Let the bird sit on your hand in a quiet room.

While looking into the eyes of your parrot repeat it's name over and over again in a slow clear voice.

If the bird tries to say it's name, reward it with it's favourite treat and use praise.

You will need to be prepared to teach your parrot at least twice a day for 5 to 10 minutes every day. Some people believe birds learn groups of words faster than single words. Patience and repetition are real keys to success. Don't be surprised if it takes 6 months for your pet to say a single word. 

Teach your Parrot to Step up

Steve Coppell - Sunday, July 31, 2011

Parrots have been kept for pets for centuries, since before the Roman times. For many people these creatures are revered for there colourful appearance, character and charm. New Zealand is home to six native species of parrot, though they aren't to be kept as pets because they are under threat and so are protected. 

The shape of a parrots beak offers clues about it's proffered diet. Whether it has a small compact bill designed to remove grass seeds from stalks and husks like the Cockatiel and Budgerigar, or the relatively larger beak of the Amazons and Greys for tackling a variety of fruits and seeds, or the thin bill of the Kea which is used to probe for insects.

As keeping birds for pets has become increasingly  popular, so our knowledge has improved with regard to the different species dietary needs and requirements. Some breeds of Parrot can live for 80 years and beyond. A good diet is an important aspect when you consider what provides the best outcome for a happy healthy Parrot.

That being said, Tails has a huge range of food and supplements specially designed for all your pet birds dietary needs. These are just a few. 


Toys for Parrots
Parrots are playful, and should never be denied access to toys. In the wild even our own Kea have been known to chew on cars parked up in national parks causing extensive damage and mayhem. Chewing things provides entertainment and mental stimulation. You don't have to spend a lot of money buying the most expensive toys available on the market, but you do need to be mindful that what you give them to chew is not poisonous.

Cost effective options
There are cost effective options like Pine Cones. These can be studded with treats for encouragement. Twigs and Branches for chewing. Toilet rolls and paper towel tubes, these are all light, hygienic and easily replaced when soiled.

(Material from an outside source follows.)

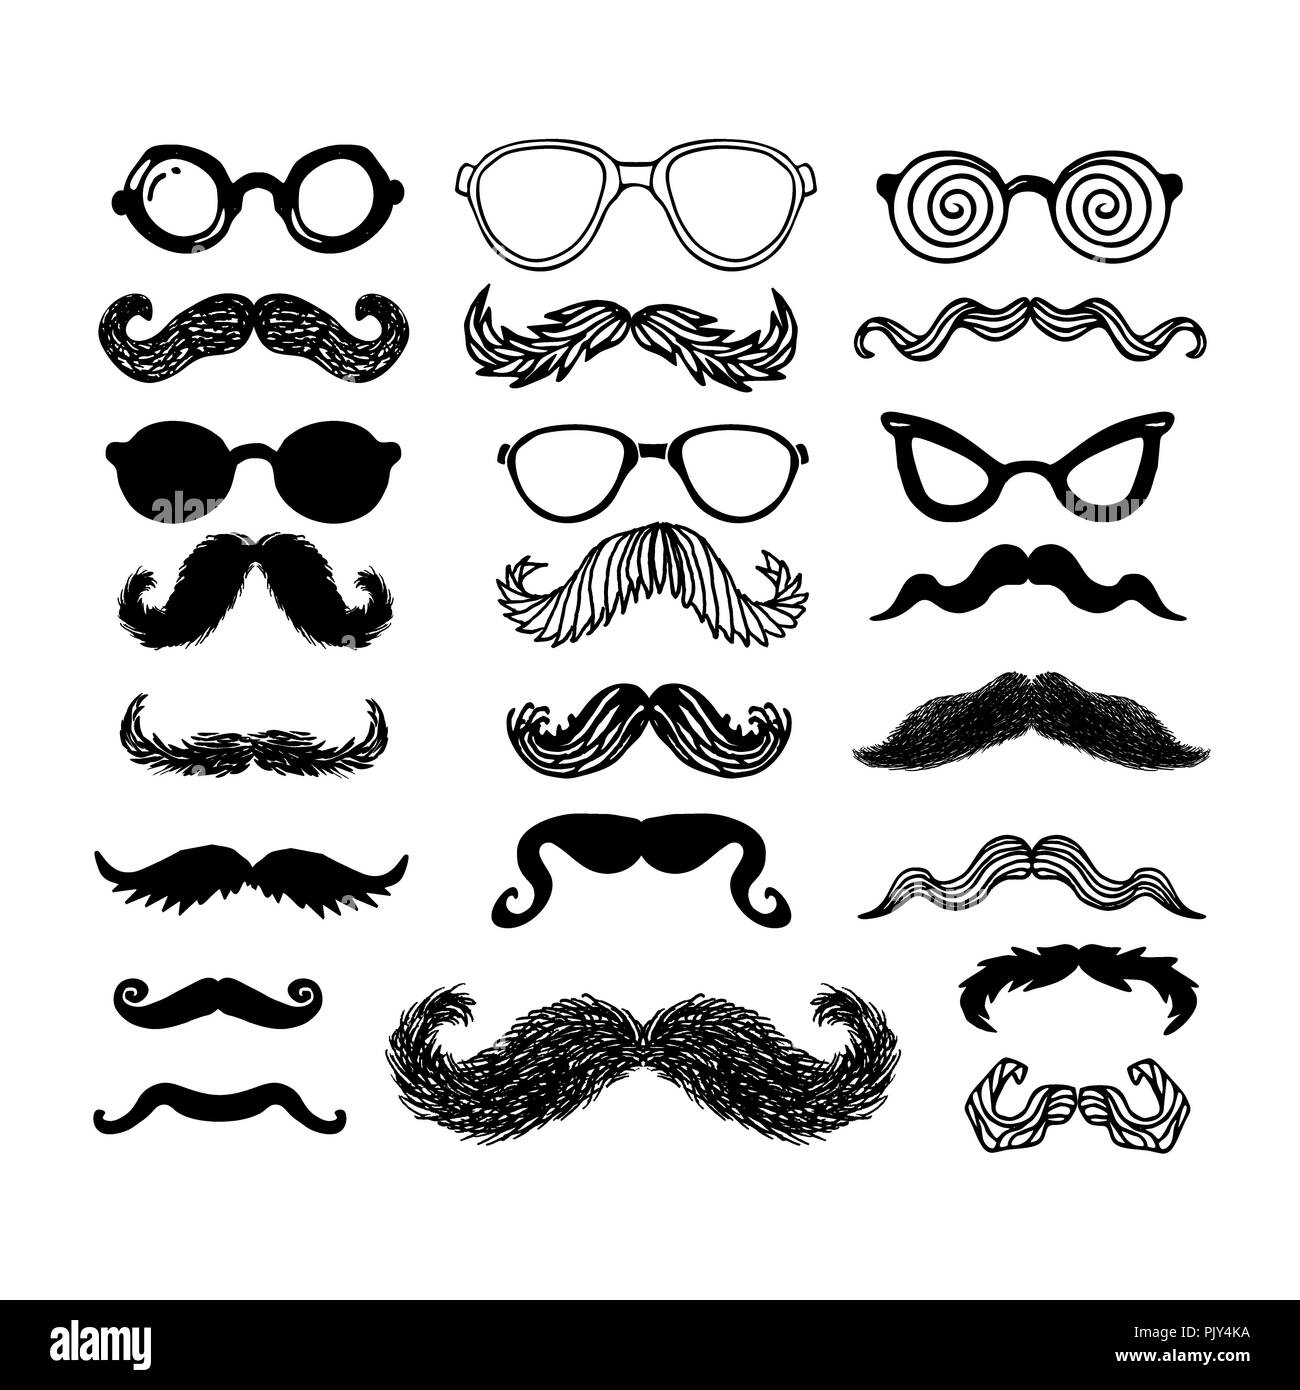 Moustache or mustache. Movember vector icons set Stock Photo

Purchase a toy or two for your parrots environment
If you decide you want to purchase a toy or two for your parrots environment, buy ones that will last because otherwise your parrot will make short work of it, and your hard earned cash will quickly be converted to mess at the bottom of your parrots cage.


Training your Parrot
People quickly associate parrots with the idea that they can be trained to speak, and in many cases this is true, but some won't utter a word. Parrots have been known to have cognitive word association, rather than automatons repeatedly uttering the same words. Calling their owners by name, saying thank you when given food, saying hello when you arrive and good bye when you leave. All this is only achieved by our interaction with them as cognitive beings.

Step up

The first place a lot of  people start when they begin to train their parrot is to step up. Step up is taught most easily outside the cage to begin with. Ideally, place your bird on a T bar stand, facing you at chest height. Then offer your hand to the bird at it's chest while giving the command to step up. Some will automatically step up. If it doesn't step up,  push against the bird enough to unbalance the bird with your flat downward facing palm. When he climbs aboard praise and stroke him. If parrot tries to bite take things slow and offer a perch initially till your parrot becomes more use to you. Sometimes a treat in your other hand is an effective encouragement. Repeat this exercise regularly, it should soon becomes natural. By teaching step up you are asserting your dominance.

Fly to you

This behaviour (asking to step up) can extend to training your parrot to fly to you. Simply step back from the perch while extending your hand and give the command, praising him copiously when he does what is required. The distance between you and the bird can be extended until he is flying some distance to you. An extra reward or treat will not go amiss at this stage.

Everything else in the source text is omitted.